Vivi Seixas was only eight years old when her father passed away. In her memories, she remembers a loving father, “who liked to create characters and tell stories”.
Another memorable memory is his beard. “I remember his beard very well, it’s something I’ll never forget. My mother used to say that my father would take my little hand when I was little, put it in his beard and tell my mother: ‘so she’ll never forget me!’ And I’ve never forgotten it, it makes me very emotional,” she said in a report for Brazil Agency.
“To this day, I still feel my father very present. He’s been gone for 35 years, but there’s not a day that goes by in my life that someone doesn’t talk about Raul, or that I don’t get into a taxi and Raul is playing, or that I pass by a newsstand and there’s not a Raul sticker. I can’t forget him, he’s very much alive inside me.”
DJ and music producer, Vivi Seixas is the daughter of the “crazy beauty”, the “walking metamorphosis”, the “I am”: the poet, singer, composer and father of Brazilian rock, Raul Seixas (1945-1989). He was chosen to be honored at this year’s edition of the Pelourinho International Literary Festival (Flipelô), which began yesterday (7) in Salvador.

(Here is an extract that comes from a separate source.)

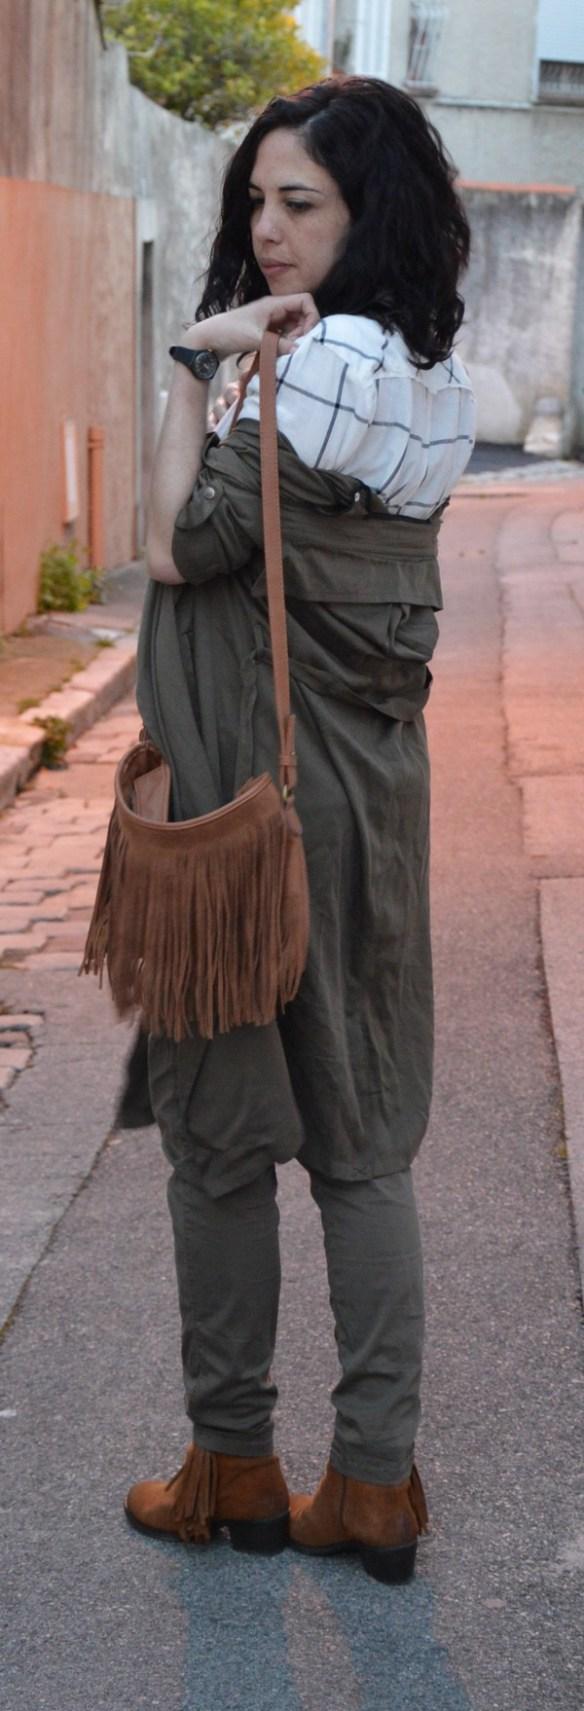 look-kaki-safari-outfit-masculin-feminin-camel-franges
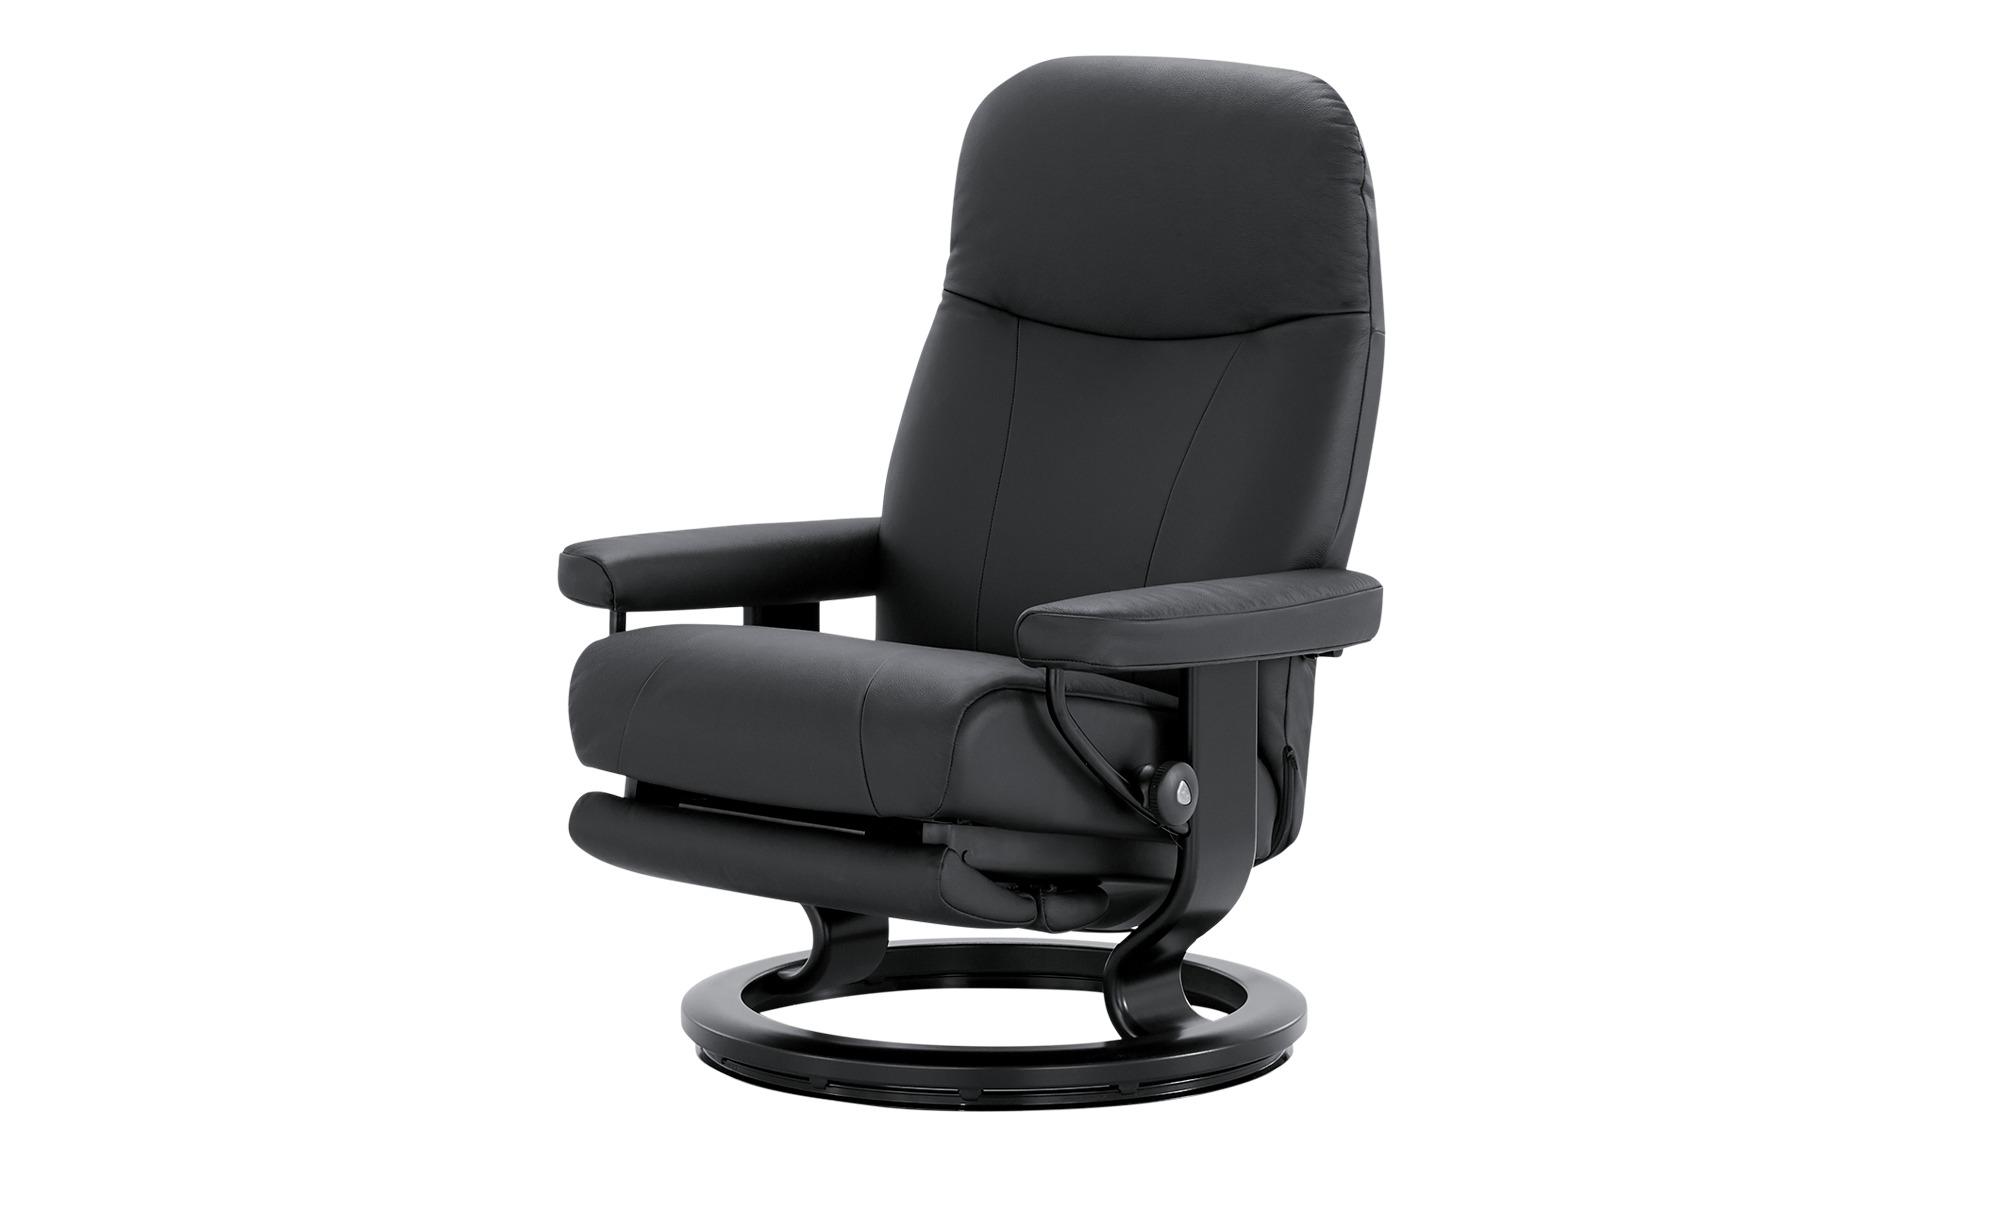 Stressless Sessel mit elektr. Relaxfunktion  Garda M ¦ schwarz ¦ Maße (cm): B: 76 H: 100 T: 71 Polstermöbel > Sessel > Fernsehsessel - Höffner

The daughter was the special guest of show who opened the event last night, on a stage set up in Pelourinho, in front of the Fundação Casa de Jorge Amado, where images of his father were projected, illuminating the mansion.
“I was 8 years old when my father passed away. And I would have loved to have spent more time with him. But I have many memories of a very loving, very funny father who liked to create characters for me and tell me stories. I just played [na Flipelô] and I am very excited to pay this tribute to him, in his land,” she said.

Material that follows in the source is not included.